Weighing the risks of self-reporting a bribery violation, or hiding it, has always been a thorny issue for companies.
And that’s the dilemma at the heart of the U.S. Justice Department’s pilot program for violations of the Foreign Corrupt Practices Act. While the one-year program has made companies a little more trusting of prosecutors, the decision to self-report a foreign bribe is no less gut-wrenching, according to FCPA lawyers.
The Justice Department is mulling whether to continue the pilot program or to modify it. Most lawyers who have participated in the program said it should be continued, but with more clarity for companies.
DOJ introduced the program in April 2016, saying it would provide prosecutors and corporations a clearer understanding of what the government offers a company that voluntarily discloses its wrongdoing, fully cooperates with an investigation and institutes remedial compliance measures.
The top prize is a letter from DOJ saying it is declining to prosecute the crime.
Earlier this month, Kenneth Blanco, acting assistant attorney general for the DOJ Criminal Division, told participants at the ABA National Institute on White Collar Crime that the department would extend the program to evaluate how well it worked, and whether it should be modified.
To assess the program, this publication talked with three FCPA defense attorneys, one prosecuting attorney and an in-house counsel who each took part in pilot program cases this past year. Except for the in-house counsel, none of the participants would discuss the specific case they worked on. The Justice Department declined to comment for this story.
The attorneys unanimously supported continuing the program, although several defense lawyers argued that certain changes would give companies even more clarity as they confront questions about whether to disclose misconduct to prosecutors.
The pilot program’s guidance “does help to create some parameters,” said Jay Holtmeier, who co-leads the FCPA and anti-corruption group in the New York office of Wilmer Cutler Pickering Hale and Dorr. “But the biggest question—whether the Justice Department will decline or not—really is not defined in the program.”
That means a company could voluntarily disclose its violation, and DOJ could still decide to prosecute it, he said.
Holtmeier represented Johnson Controls Inc. (now Johnson Controls International), which was one of five companies that received a declination letter last year, according to the DOJ pilot program’s website.
“I think the department in good faith has tried to articulate factors that are more measurable and transparent than previously,” said Holtmeier, a former federal prosecutor in Manhattan. But he said some factors still need to be fine-tuned, such as knowing how much discount the company will receive off the penalty range, or how a disgorgement amount is decided.
Greater transparency and a higher level of certainty also were recommendations from Patrick Pericak, now senior managing director with business advisor FTI Consulting in Washington. Pericak is a former DOJ lawyer who was involved in the first pilot program case—the department declined prosecution against Nortek Inc., a Providence company that manufactures building products.
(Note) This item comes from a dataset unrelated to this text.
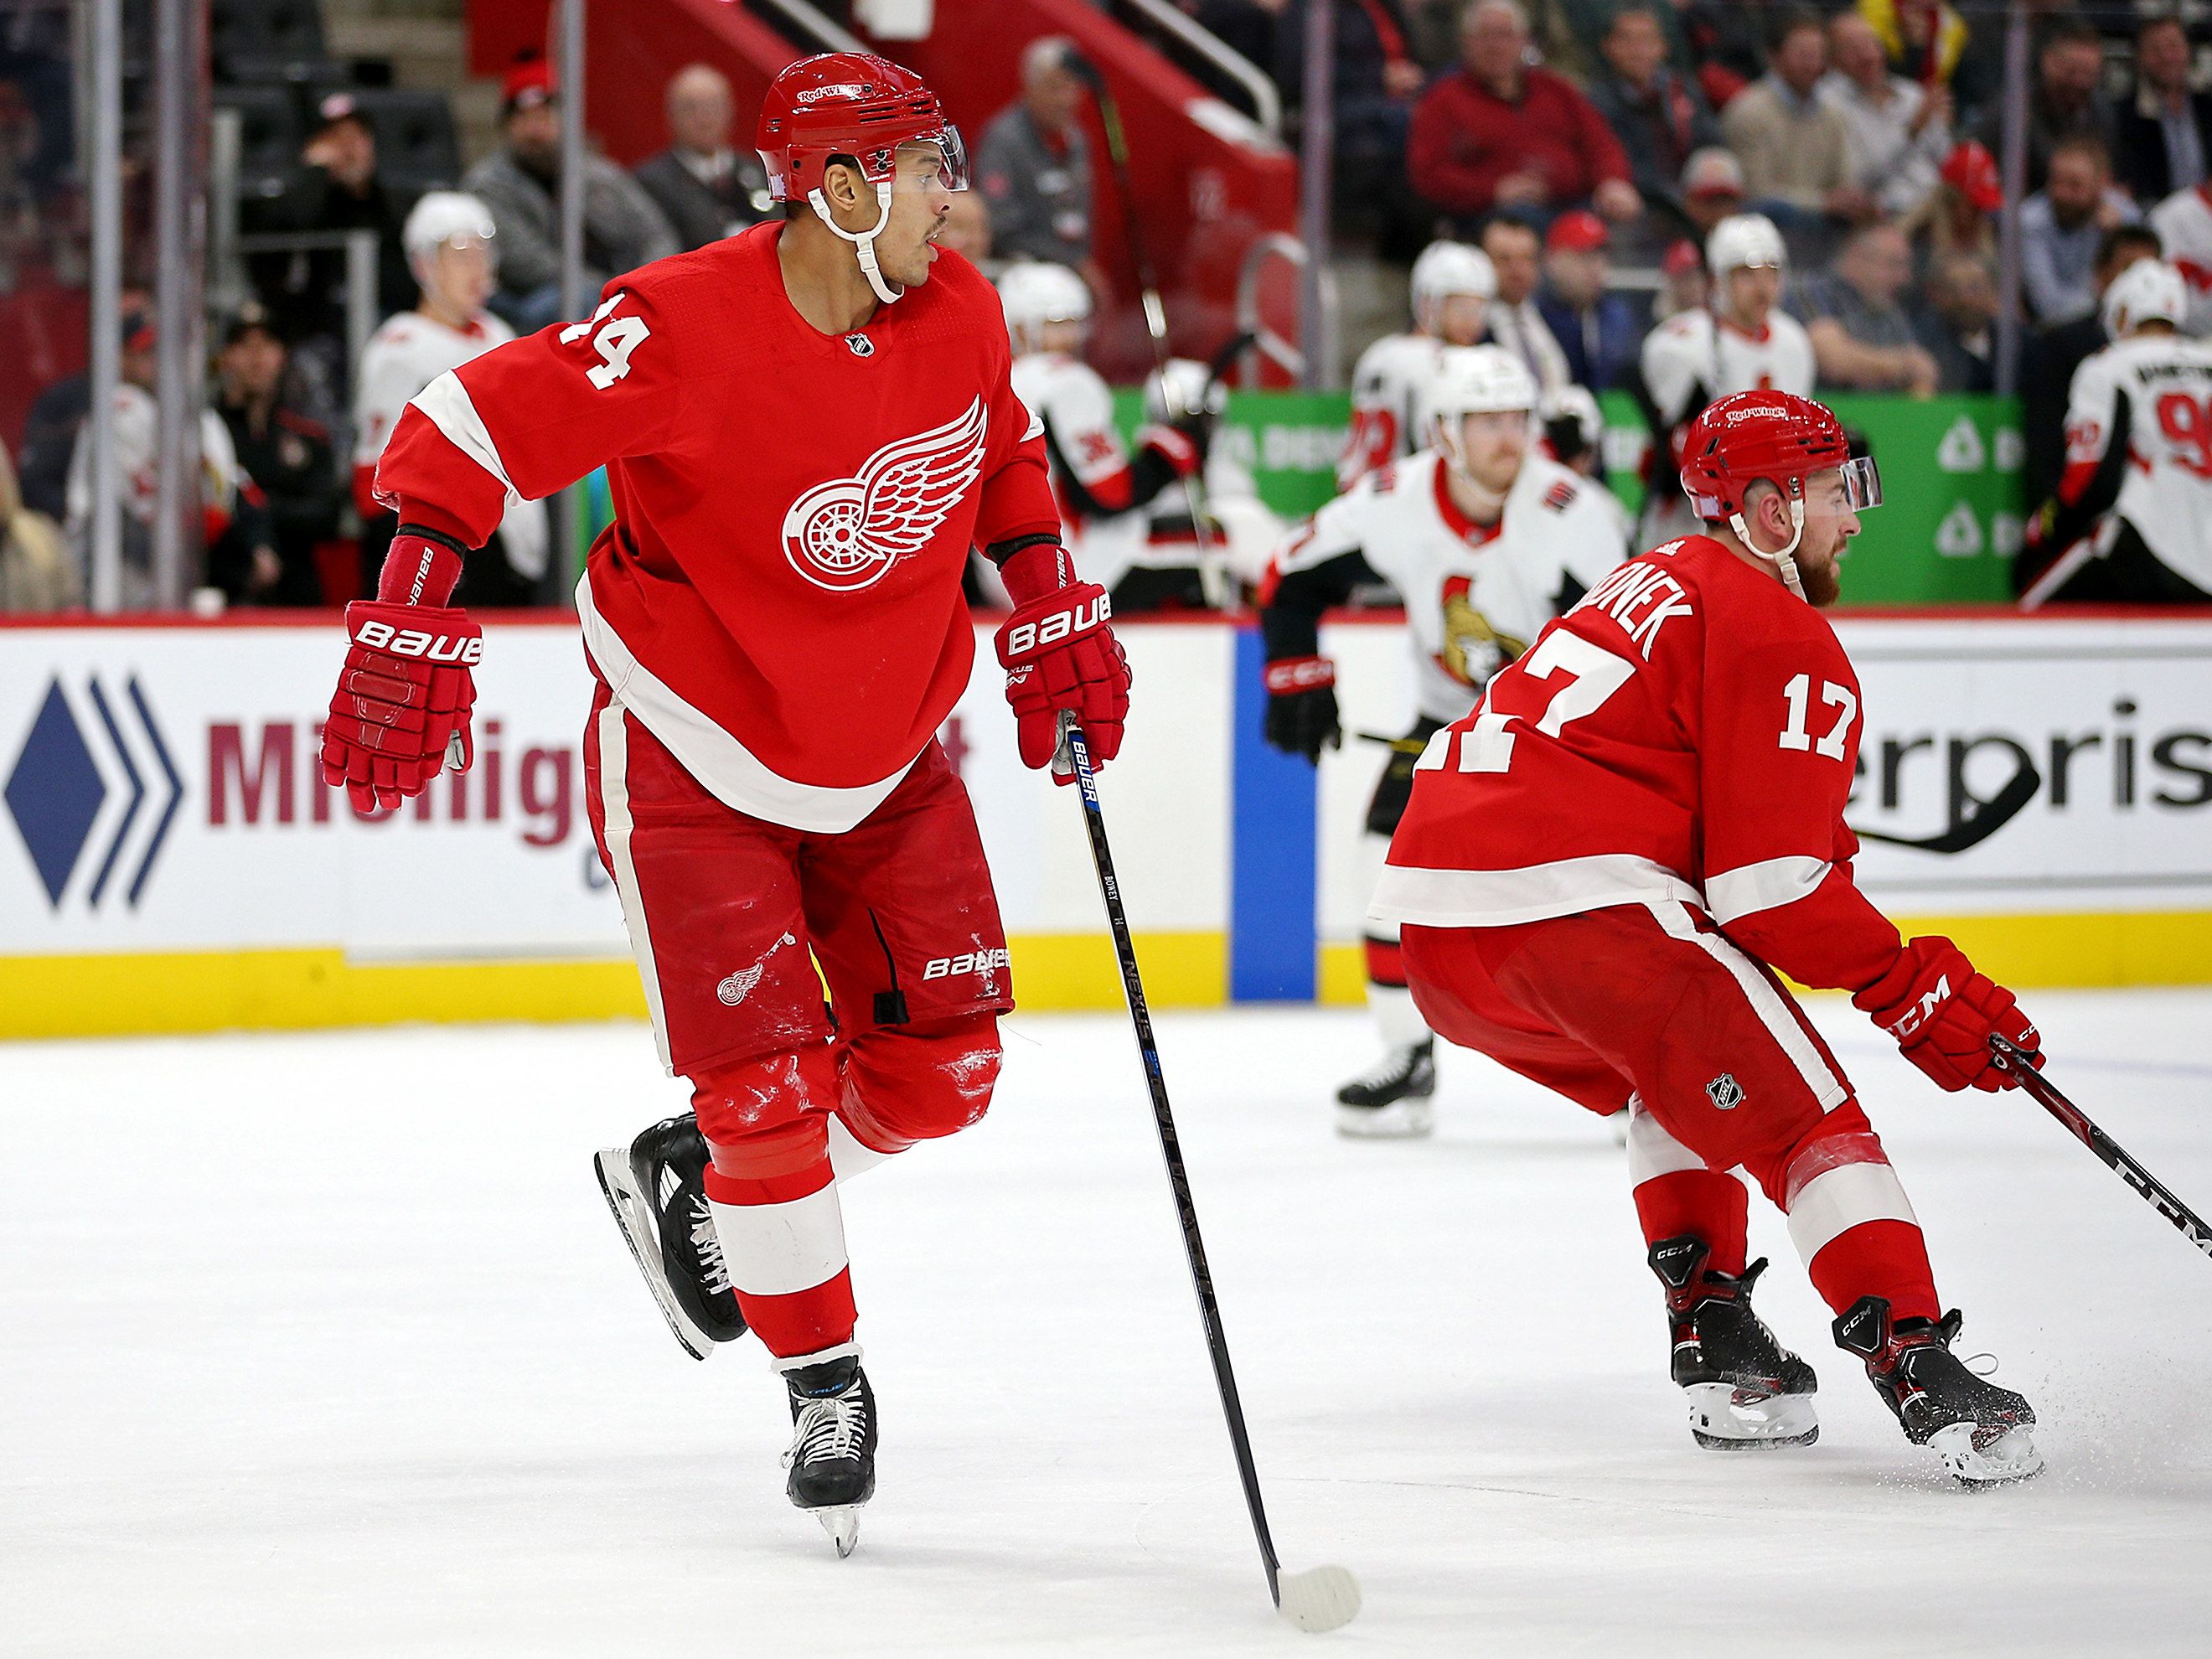 Watch Detroit Red Wings at Ottawa Senators: Stream NHL live - How to Watch  and Stream Major League & College Sports - Sports Illustrated.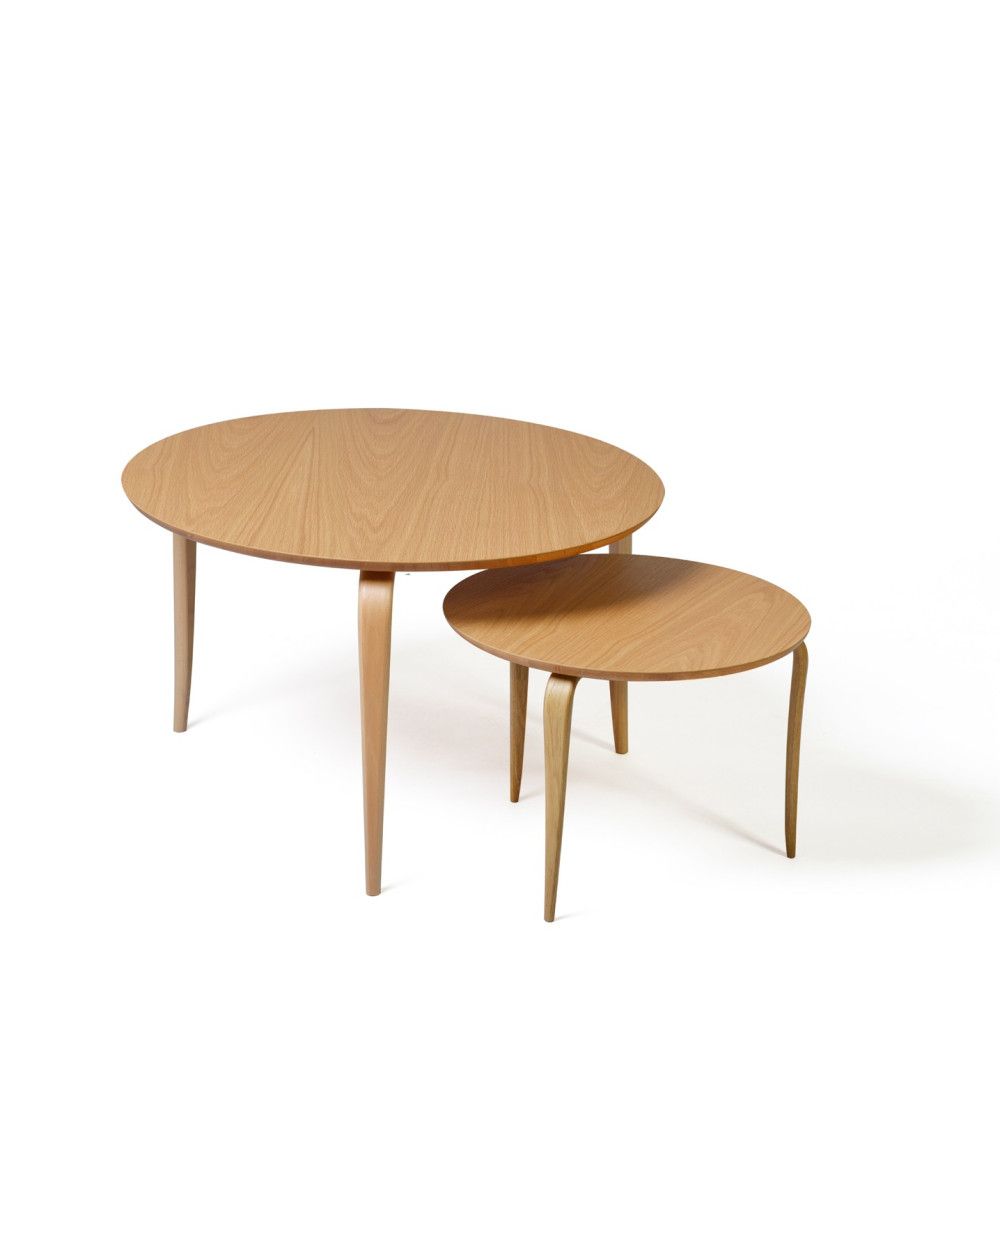 Annika Coffee Table, Bruno Mathsson Design, La Boutique Danoise With Regard To Modern Wooden X Design Coffee Tables (View 14 of 15)

“I think the department is reluctant to lock itself in too much,” Pericak said. “And companies will never be in a position to have 100 percent certainty. But I think there will be greater certainty as time goes on, if the program is continued.”
Facing off against Pericak in the Nortek case was Luke Cadigan, a Cooley partner in Boston who formerly worked at K&L Gates. “A lot of people are calling for more clarity,” Cadigan said. “But I think over time as you have more resolutions [DOJ] will start to make clear what circumstances will lead to what resolutions. More cases will bring more clarity.”
Aaron Ahola, deputy general counsel and chief compliance officer for Akamai Technologies Inc., said his company didn’t have to struggle with the self-disclosure question when it entered the program last year. Akamai, like the other four companies that secured declination letters from DOJ, was chosen for the program because it had already self-disclosed its foreign-bribery problem before the pilot program began.
Ahola led his company, a content delivery network and cloud services provider based in Cambridge, Massachusetts, through the negotiations that ended with the declination letter in June.
“In our experience no modifications are needed,” Ahola said. “The factors we felt were important—self-reporting, thoroughly investigating, fully cooperating, taking ownership of the problem—were taken into account. So it was as positive an experience as can be under the circumstances.”
So has the pilot program achieved its goal and increased the number of companies willing to self-disclose FCPA violations over the past year? DOJ won’t say at this point.
Ryan Rohlfsen, a former FCPA prosecutor and now a defense attorney at Ropes & Gray in Boston, worked with Ahola as an outside counsel on the Akamai case. He said the “jury is still out” on the pilot program.
DOJ is “meeting a lot of its goals in terms of starting the discussion with the community on what is the calculus for self-disclosure, and adding some degree of predictability,” Rohlfsen said.
“They will measure over time if they are seeing a greater number of self-disclosures,” he continued. “That will take more time to gather adequate data and see patterns. In short, it is a work in progress, and it will be interesting to watch over the next year or so.”